Conversation

Notices

1. Embed this notice
   Opalescent (opal@ioc.exchange)'s status on Monday, 08-Jul-2024 03:16:25 JST Opalescent

   • Ryan Castellucci :nonbinary_flag:
   • mkj

   @mkj @ryanc

   It's not as much about key length as it is about RSA in general.

   There are, like, a HANDFUL of RSA implementations that are audited, trustworthy, and suitably protected against the insane variety of subtle mistakes that can completely wreck its security. Even using those implementations safely takes a lot of care and effort. Using other libraries is a gamble; rolling your own is the cryptographic equivalent of bungee jumping without bothering to check if your harness is attached.

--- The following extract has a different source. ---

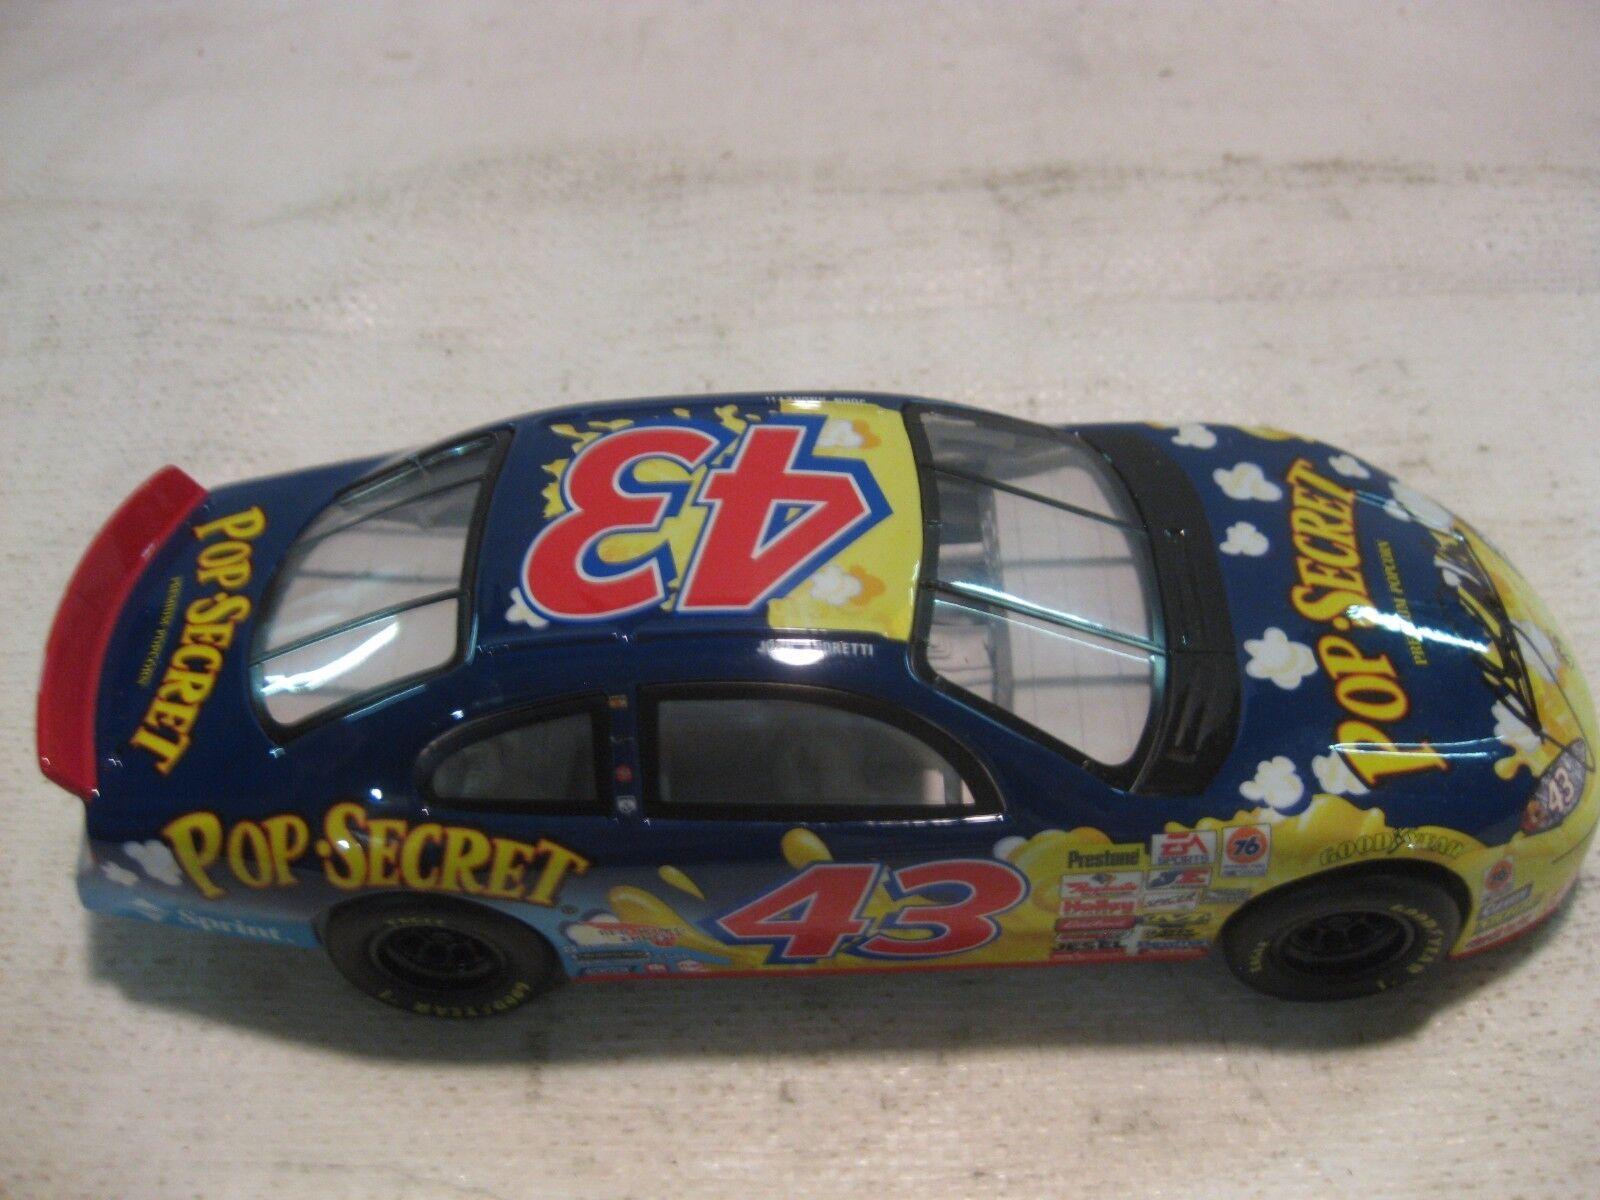 Nascar John Andretti Pop Secret Dodge RT 124 Scale Diecast Mattel 2000 dc681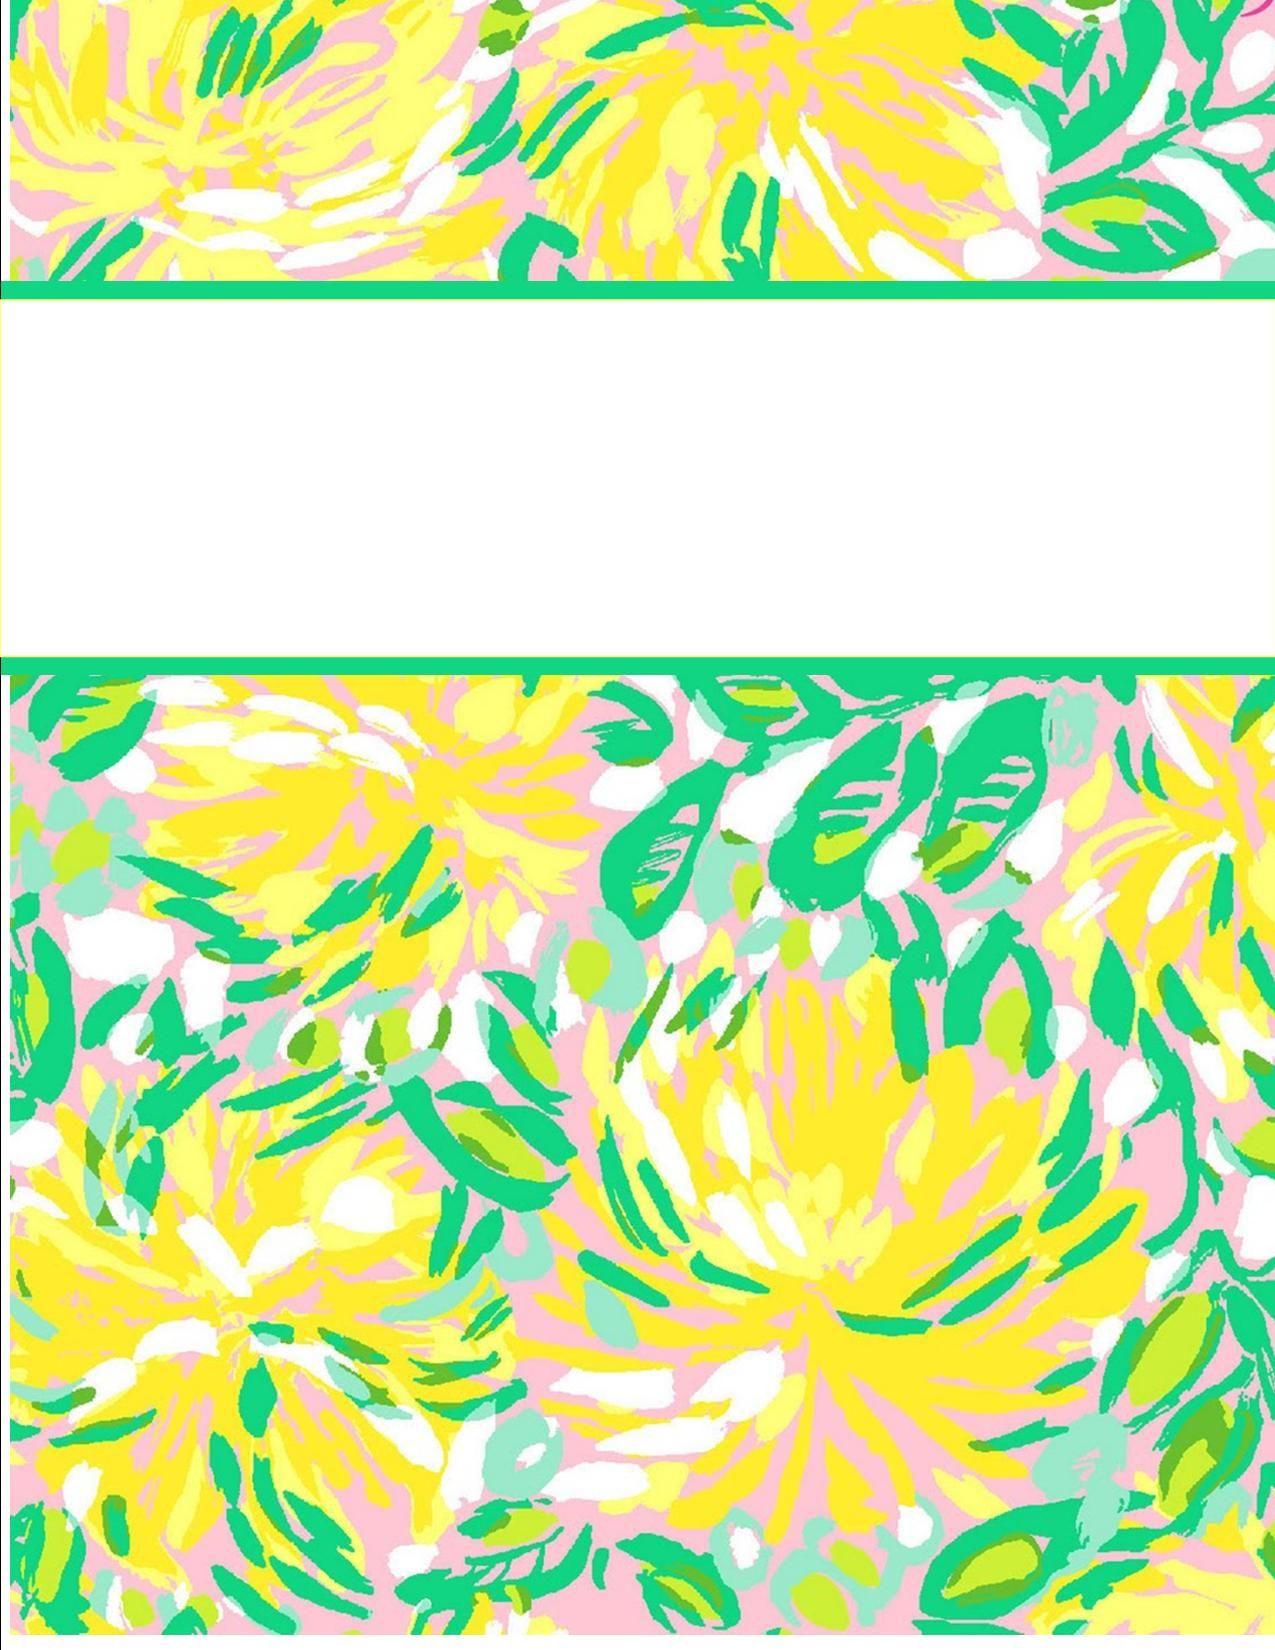 My Cute Binder Covers | Textur

   Timing attacks, faulty prime selection, improper padding, poor public exponent selection, related message attacks, etc. Lots of it discovered 20+ years ago, yet still showing up in RSA software written today.

   Heck, even partial key leakage is a shit show compared to more modern algos. If I accidentally expose a quarter of a SPHINCS+ key, the remaining bits should still need to be brute-forced. If I expose a quarter of the bits in a private RSA exponent, though, the game is up completely.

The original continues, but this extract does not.